→ **Problem to solve**
Copy the listing below exactly, but skip the pictures.

→ **Given information**
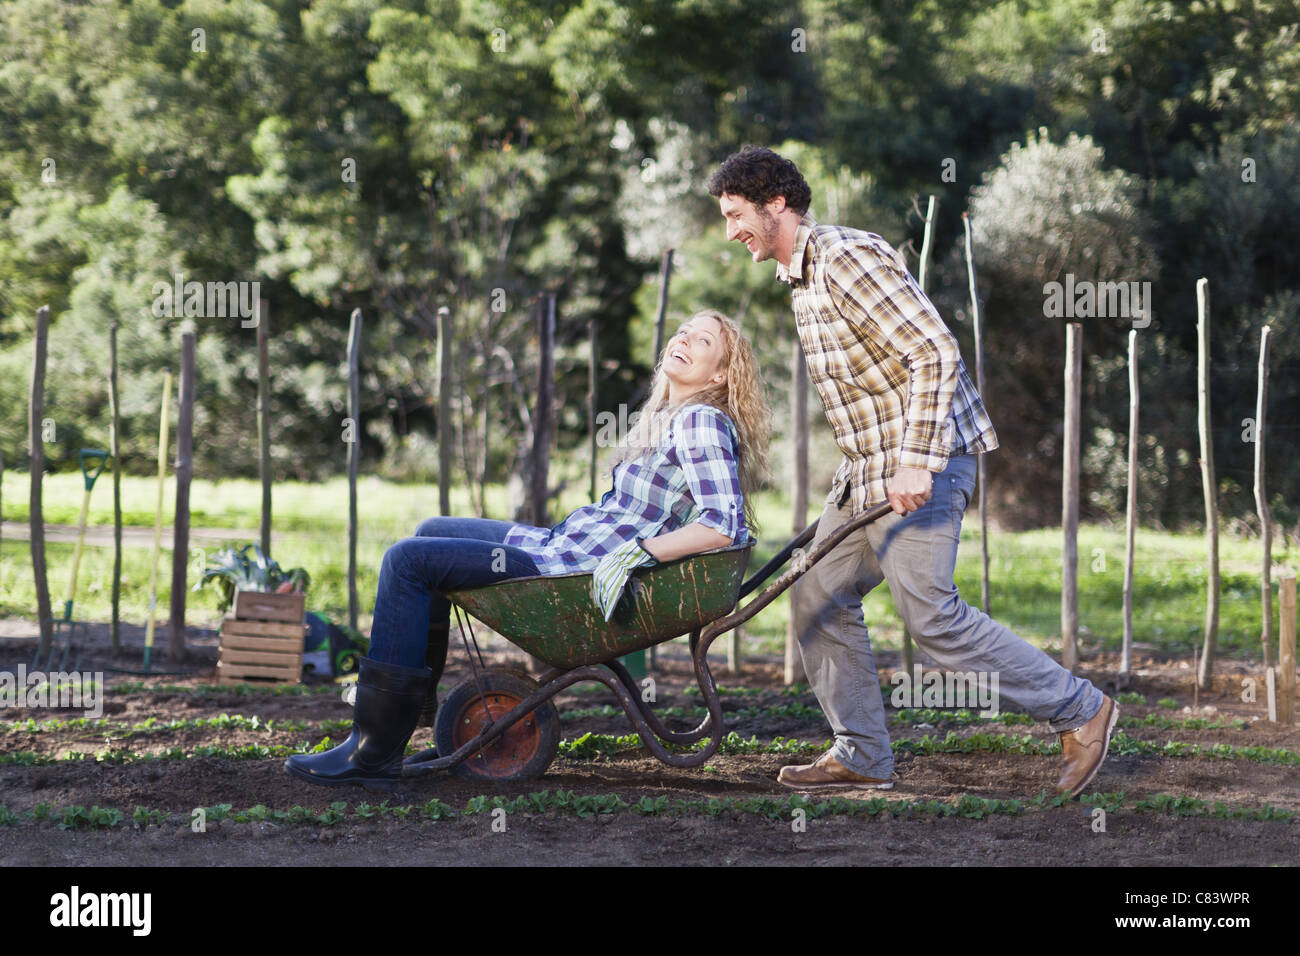 Man pushing girlfriend in wheelbarrow Stock Photo
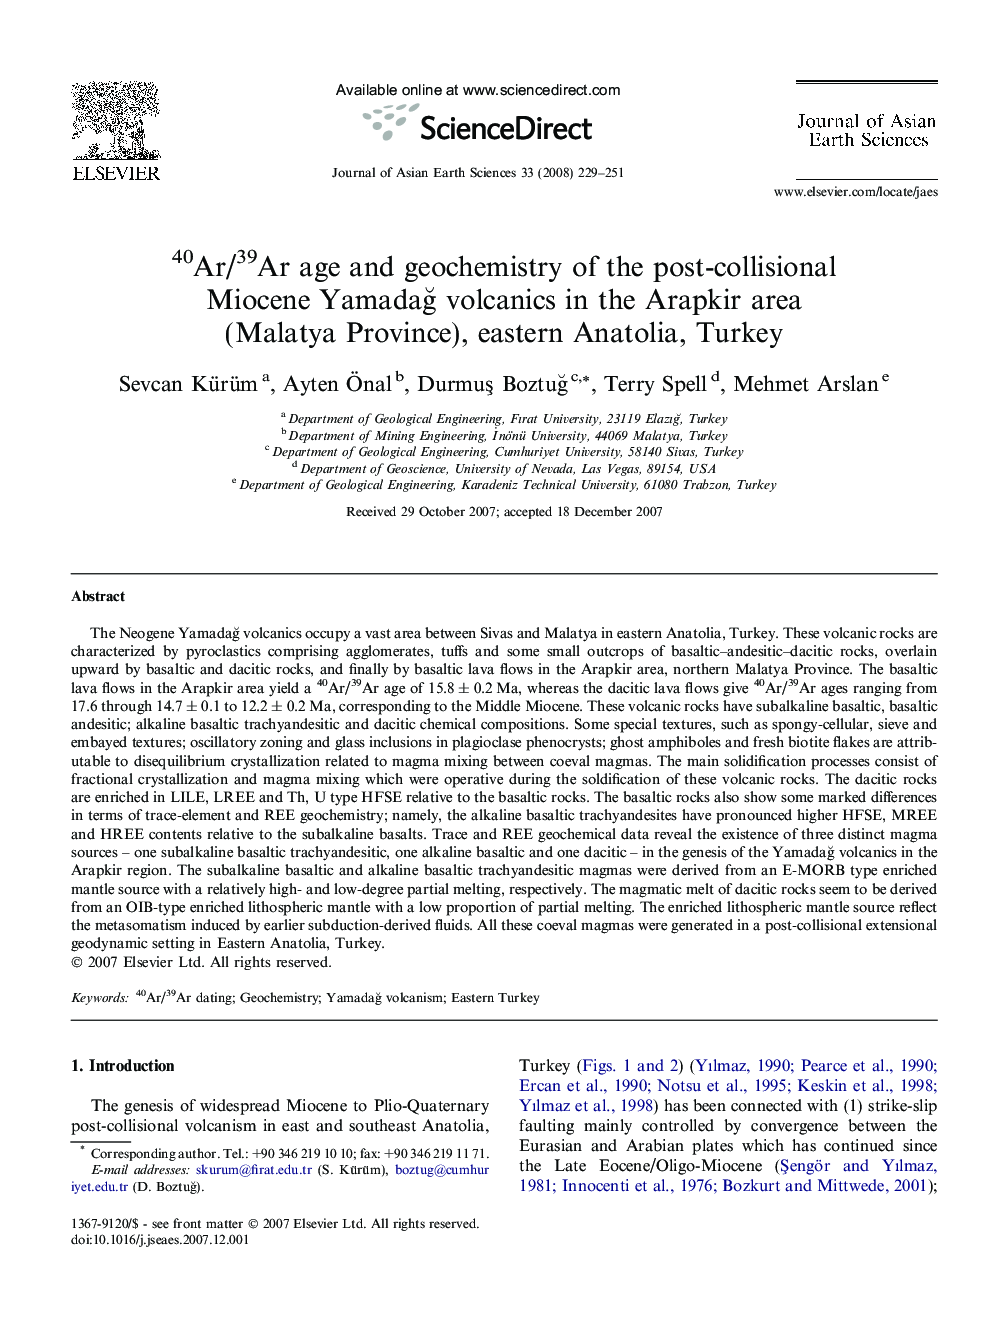 40Ar/39Ar age and geochemistry of the post-collisional Miocene Yamadağ volcanics in the Arapkir area (Malatya Province), eastern Anatolia, Turkey
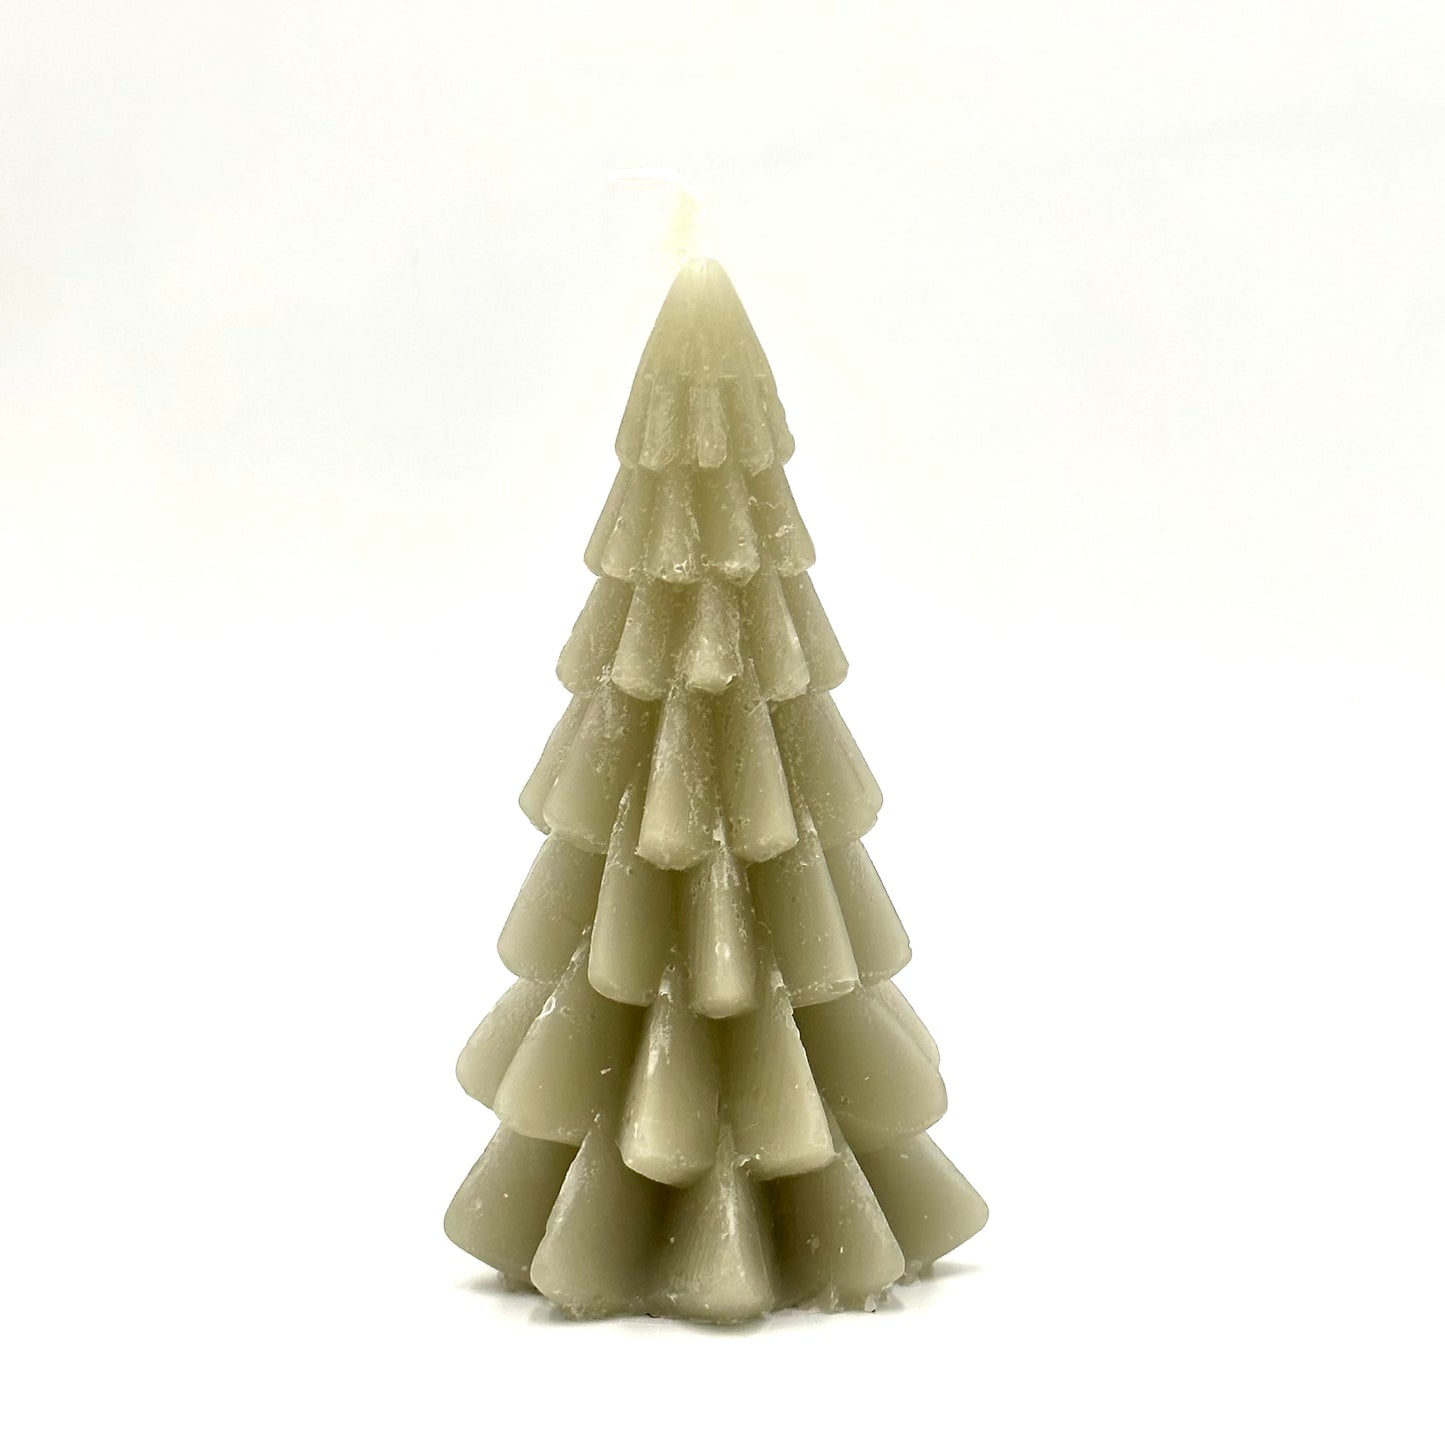 Candle "Christmas tree", grey-green
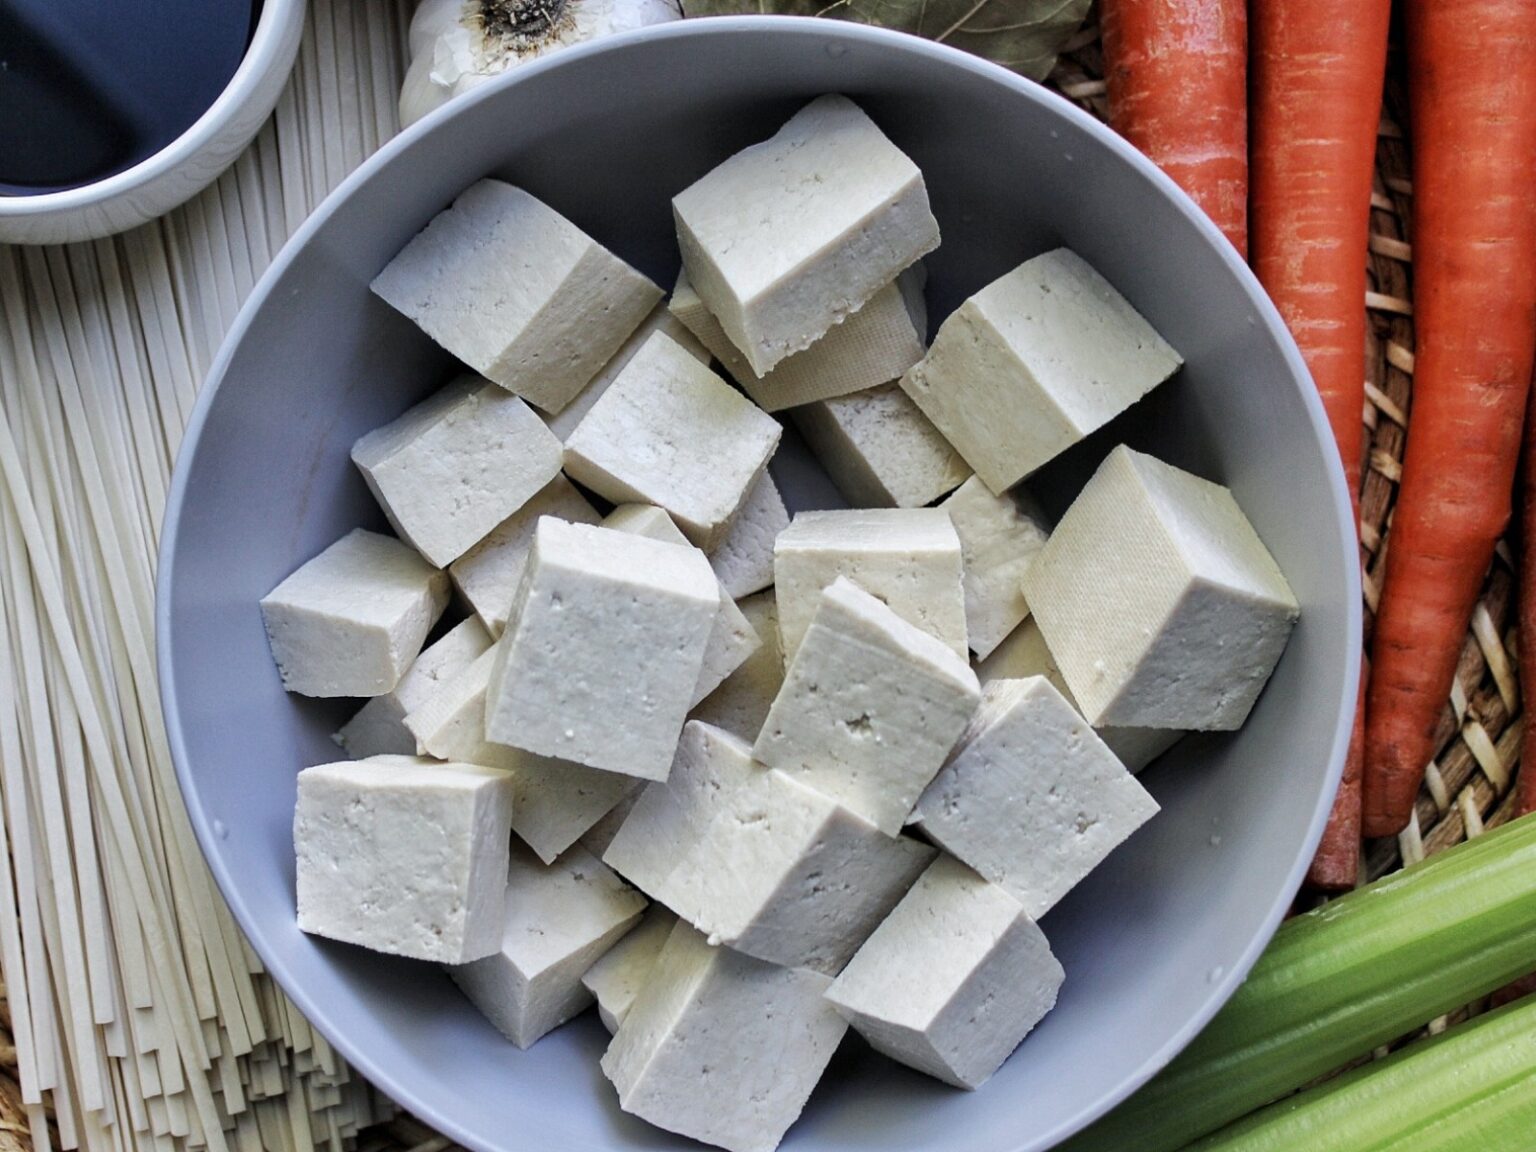 Cubed tofu in a bowl.

→ **Output for this exercise**
 Man pushing girlfriend in wheelbarrow Stock Photo
 40Ar/39Ar age and geochemistry of the post-collisional Miocene Yamadağ volcanics in the Arapkir area (Malatya Province), eastern Anatolia, Turkey
 Candle "Christmas tree", grey-green
 Cubed tofu in a bowl.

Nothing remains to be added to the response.